2. The method of claim 1, wherein in step (2), the sulfur source is thiourea; the molar ratio of the metal nickel salt to the metal iron salt to the metal molybdenum salt in the metal salt is 1:1:1:4:3:20; the concentration of the metal salt in the mixed solvent is 0.03-0.3mol/L; the molar ratio of the sulfur source to the metal molybdenum salt is 1:4-5:2;

preferably, the metal nickel salt is nickel nitrate or nickel chloride; the metal ferric salt is ferric nitrate or ferric chloride; the metal molybdenum salt is ammonium molybdate.

3. The preparation method according to claim 1, wherein in the step (2), the hydrothermal temperature of the hydrothermal reaction is 140-180 ℃ and the heat preservation time is 8-12h;

the mixed solvent is preferably ethylene glycol and deionized water according to the volume ratio of 2:1-5:1, mixing the obtained mixed solvent.

4. The method according to claim 1, wherein in the step (1), the wire diameter of the nickel mesh is in the range of 0.15 to 0.35mm, and the mesh size of the nickel mesh is in the range of 0.1 to 0.48 mm;

the pretreatment is specifically to immerse nickel screen in hydrochloric acid solution, absolute ethyl alcohol and deionized water in sequence for ultrasonic cleaning and drying.
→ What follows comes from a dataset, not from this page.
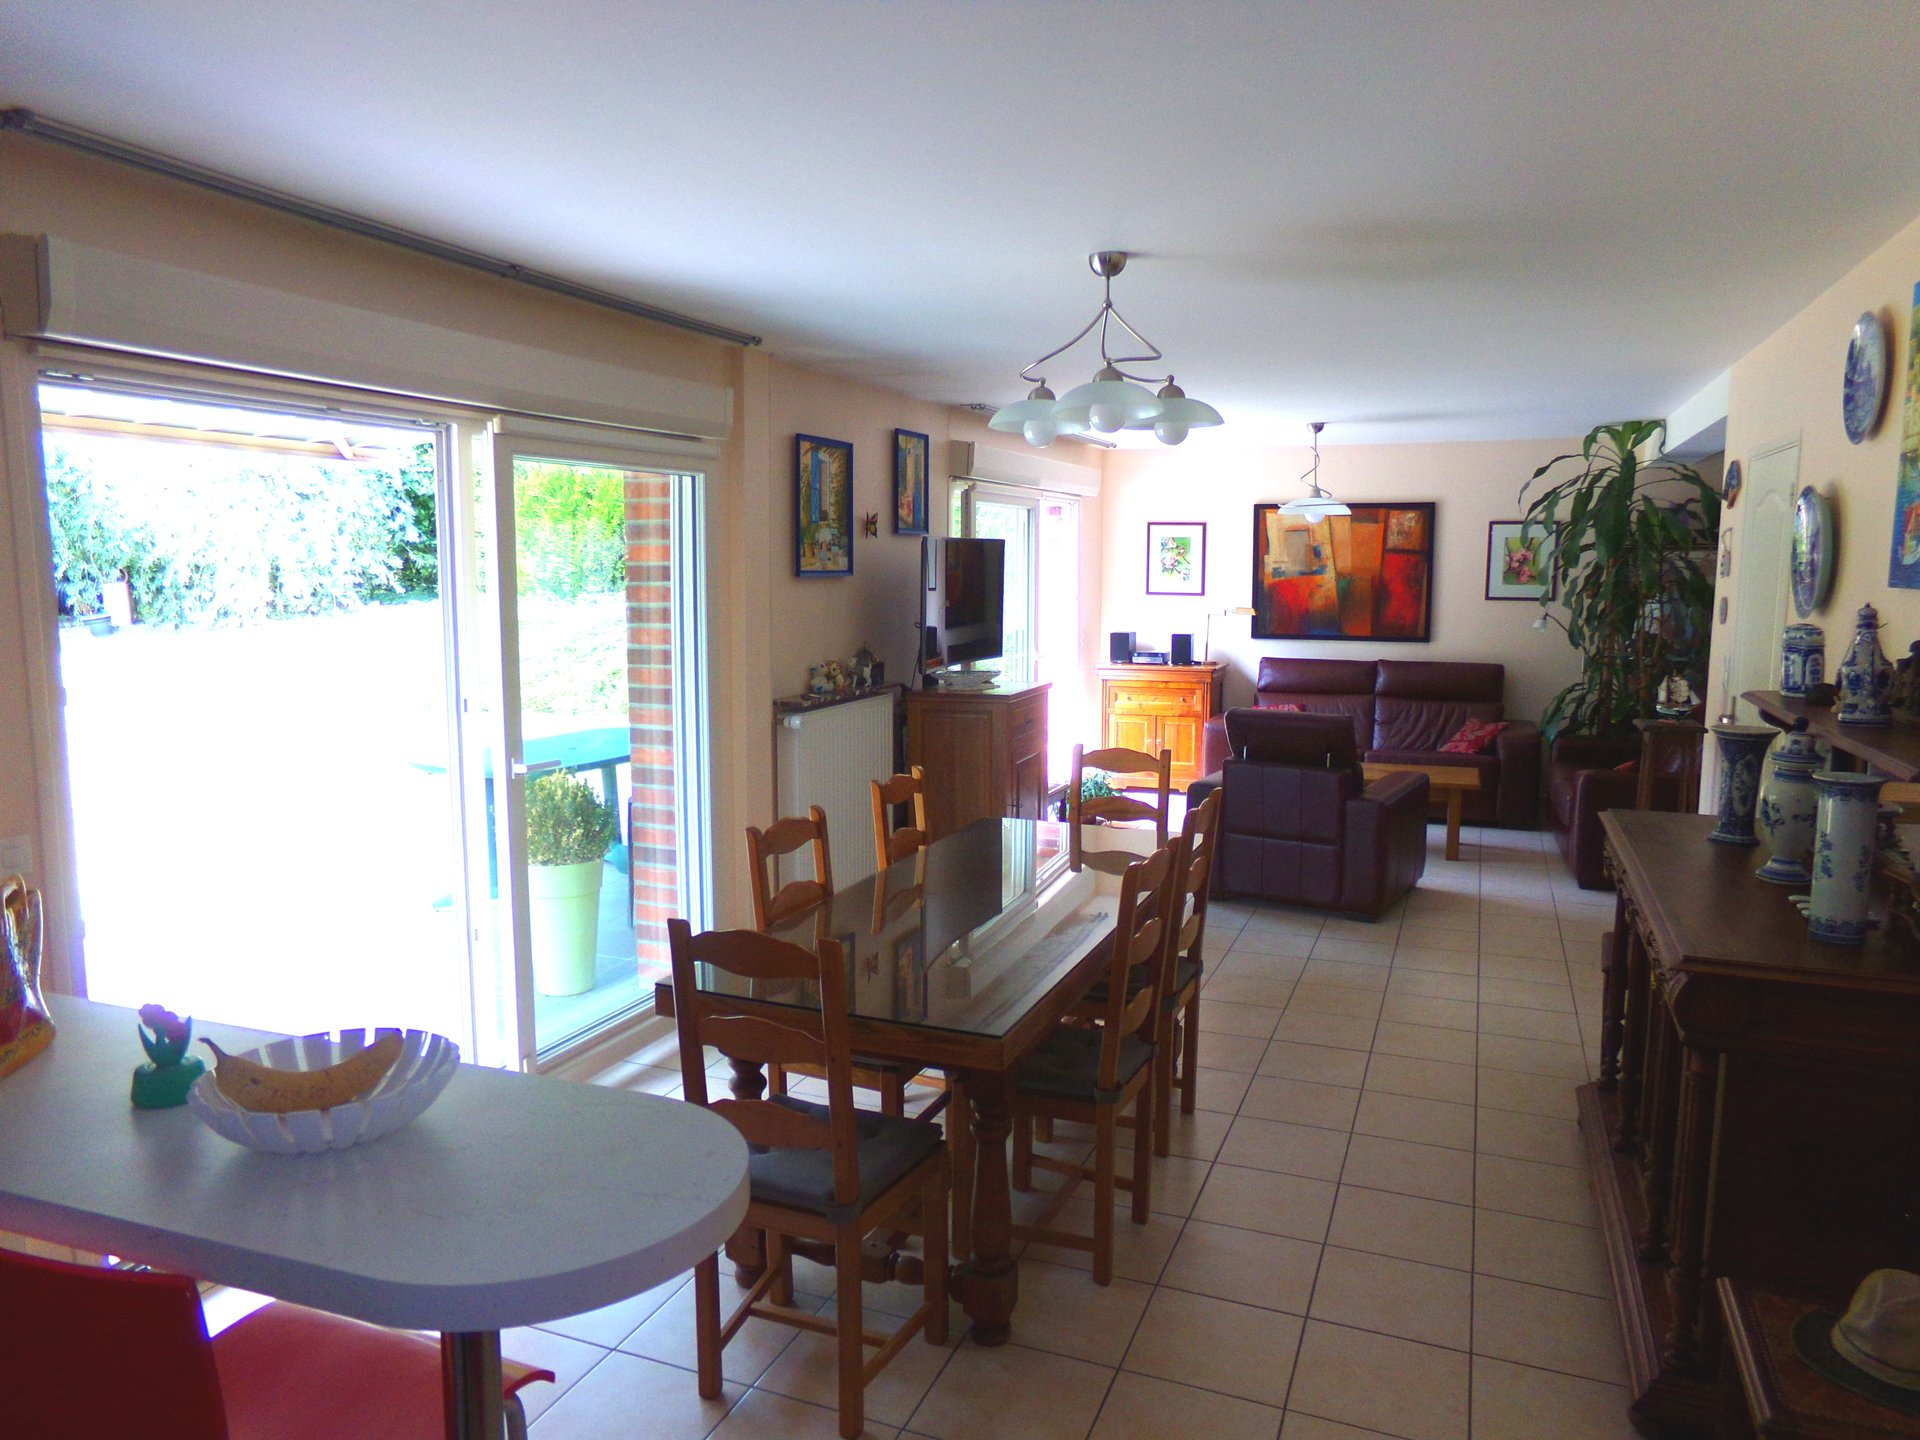 Maison Individuelle - AVESNELLES

5. The method according to claim 1, wherein in the step (4), the solid electrolyte membrane is selected from an anion exchange membrane and a proton exchange membrane.
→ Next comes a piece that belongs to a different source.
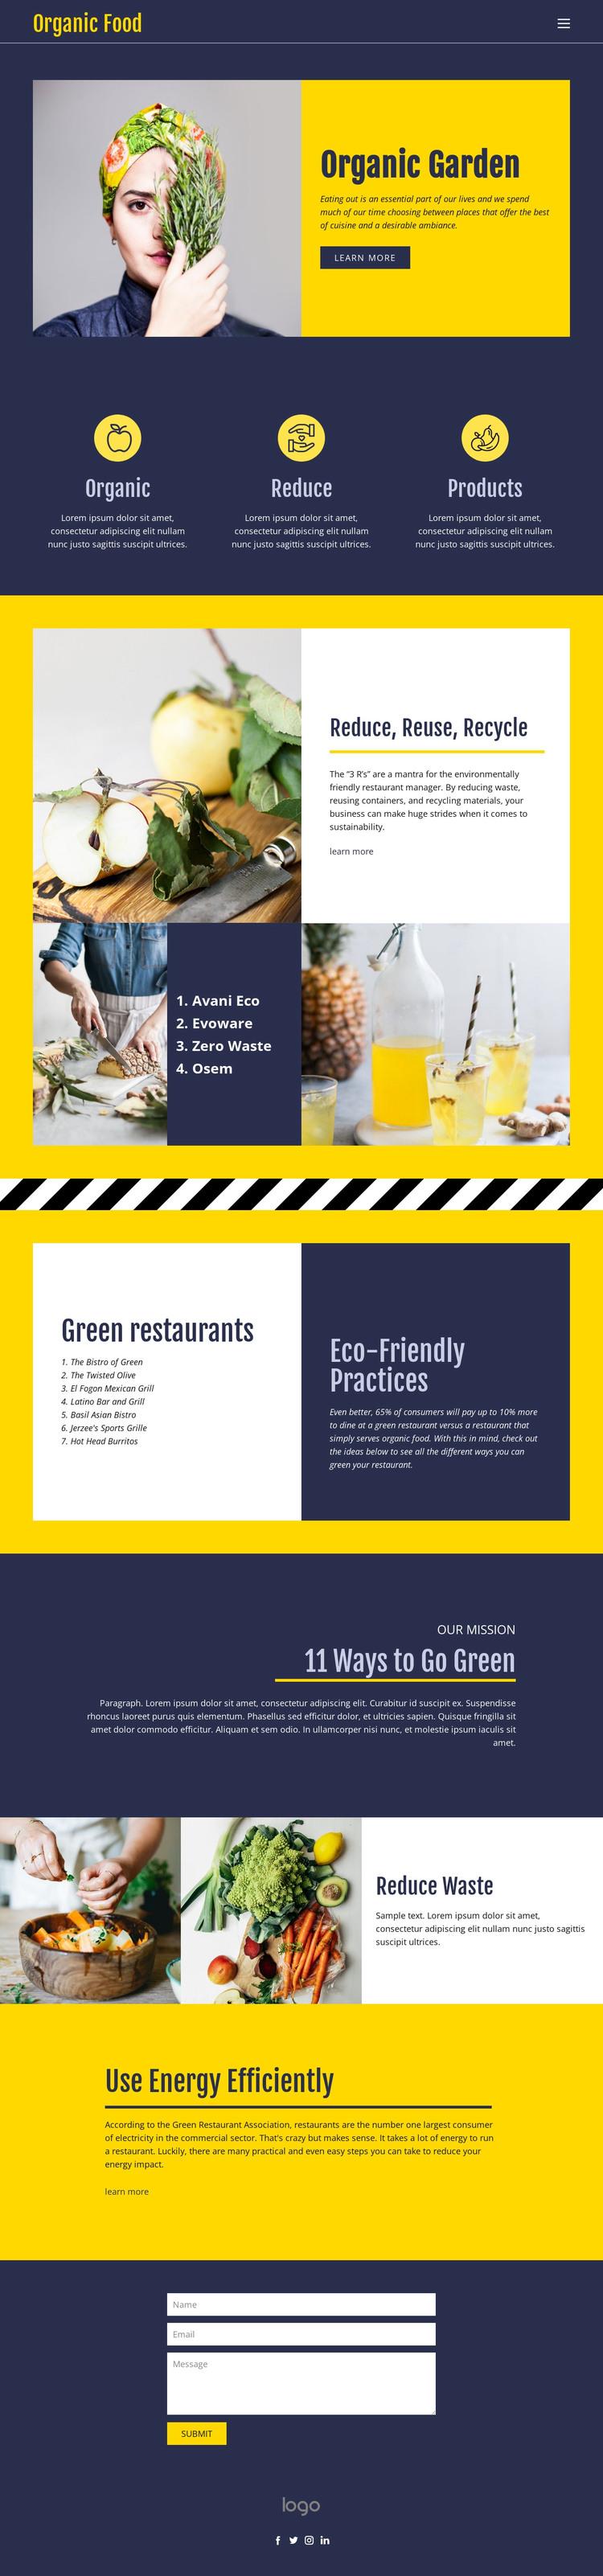 Eating essentials for food Web Design

6. The method according to claim 1, wherein in the step (3), the washing is specifically ultrasonic washing by immersing the hydrothermal product in absolute ethanol and deionized water in sequence.

7. A ternary metal sulfide film electrode produced by the production method according to any one of claims 1 to 6.

8. Use of the ternary metal sulfide film electrode according to claim 7 as a catalytic electrode in alkaline cell hydrogen production.

9. The use according to claim 8, wherein the electrolyte used for the hydrogen production in the alkaline electrolyzer is a strong alkaline electrolyte, preferably a KOH solution with a concentration of 1-7.6mol/L, more preferably a KOH solution with a concentration of 7.6 mol/L;

the working current density of the alkaline electrolytic tank is more than or equal to 1A cm ^-2 。

10. An alkaline electrolyzer characterized in that a ternary metal sulfide membrane electrode as claimed in any one of claims 1 to 6 is used as catalytic electrode.